Lynn Videka Named New Dean Of Silver School of Social Work
Lynn Videka has been appointed as dean of NYU’s Silver School of Social Work, effective Sept. 1. Videka, whose research interests include vulnerable children and families receiving child welfare and mental health services, is currently vice president for research at the State University of New York at Albany and a Distinguished Service Professor.
Videka was dean of the School of Social Welfare at SUNY Albany from 1989 to 1999. Her tenure was notable for its many successes, including establishing dual degree programs in social work and sociology and social work and human development, a 400 percent increase in annual fund gifts, and a 200 percent increase in externally funded grants.
“Of all the fields of study we encompass at this great research university, none immerses itself more fully in the contemplation of the role of the individual in community than our Silver School of Social Work,” says President John Sexton. “Each year, they send forth another cohort committed to helping others successfully cope with and overcome the many hurdles that life erects. We cherish public service at NYU; there is no school’s mission of which we are more proud. So, selecting the dean of the Silver School of Social Work is a task we take on with great conscientiousness, because much is at stake—not simply for our students or our faculty, but for those they will go on to help. That is why I am so pleased by the appointment of Lynn Videka as dean. She is superbly qualified—an outstanding scholar whose professional life has been devoted to seeing that those in need receive the best possible services—and her great accomplishments will add not merely to the luster of the school, but will translate into real care for real people.”
Videka has been the vice president for research and a Distinguished Service Professor at Albany since 2006. She joined Albany’s School of Social Welfare as an assistant professor in 1981, was director of the Center for Human Services Research from 1995 to 2003, and was director of the Center for Research on Social Work Practice from 1986 to 1989. Prior to that, she had been project director of “Self-Help Groups and Urban Problems: Alternative Help Systems” at the University of Chicago’s Department of Behavioral Sciences.

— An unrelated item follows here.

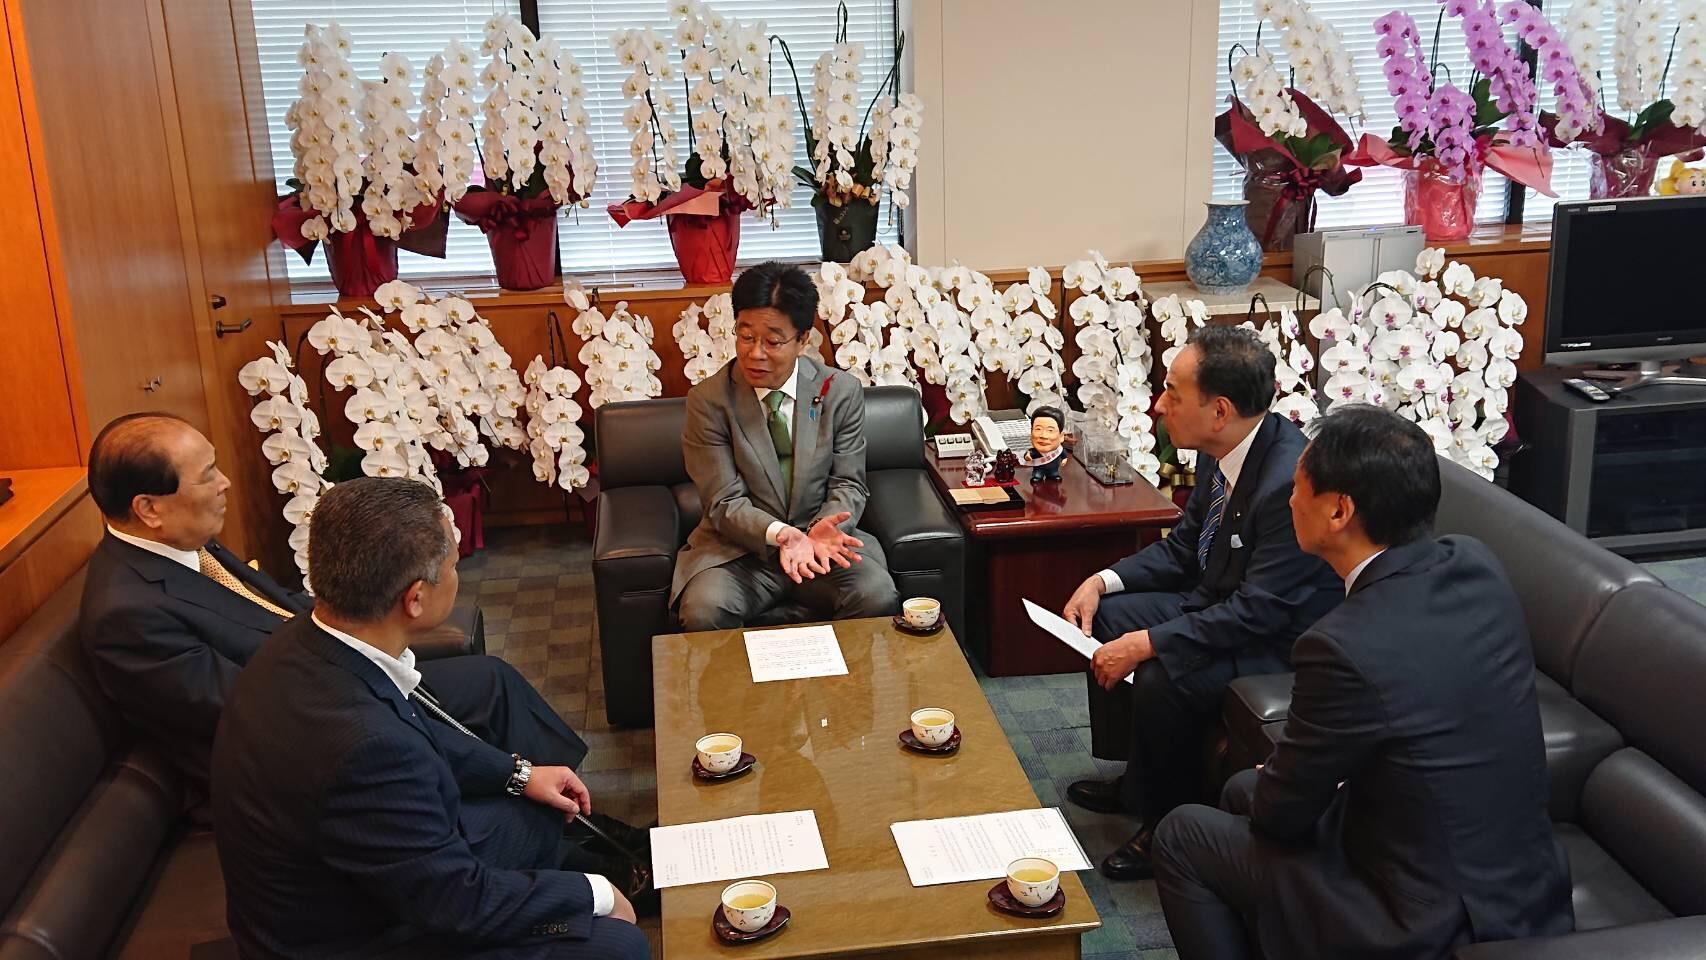 「重度訪問介護に関する要望書」を加藤勝信厚生労働大臣への申し入れ

Videka is the recipient of many awards and honors, including being named a Distinguished Service Professor by the Trustees of the State University of New York; being named a visiting scholar to several institutions, including Hallym University in Chun Cheon, South Korea; and being the recipient of a Fulbright Fellowship to Bulgaria, among others. She is a widely published author; among her publications are the first social work meta-analysis of mental health practice effectiveness (in 1986) with a subsequent book (Advances in Clinical Social Work Research) and several chapters and articles on the effectiveness of social work practice. She recently authored entries on “Child Neglect” and “Parenting Practices” in the Encyclopedia of Interpersonal Violence (2008), and an article, entitled, “Building Research Infrastructure in Schools of Social Work,” in the journal Social Work Research.
She has held many leadership roles in her profession, including president of the National Association of Deans and Directors of Social Work and the Institute for the Advancement of Social Work Research, vice president of the Society for Social Work and Research, and commissioner of Accreditation and Treasurer of the Council on Social Work Education, among others.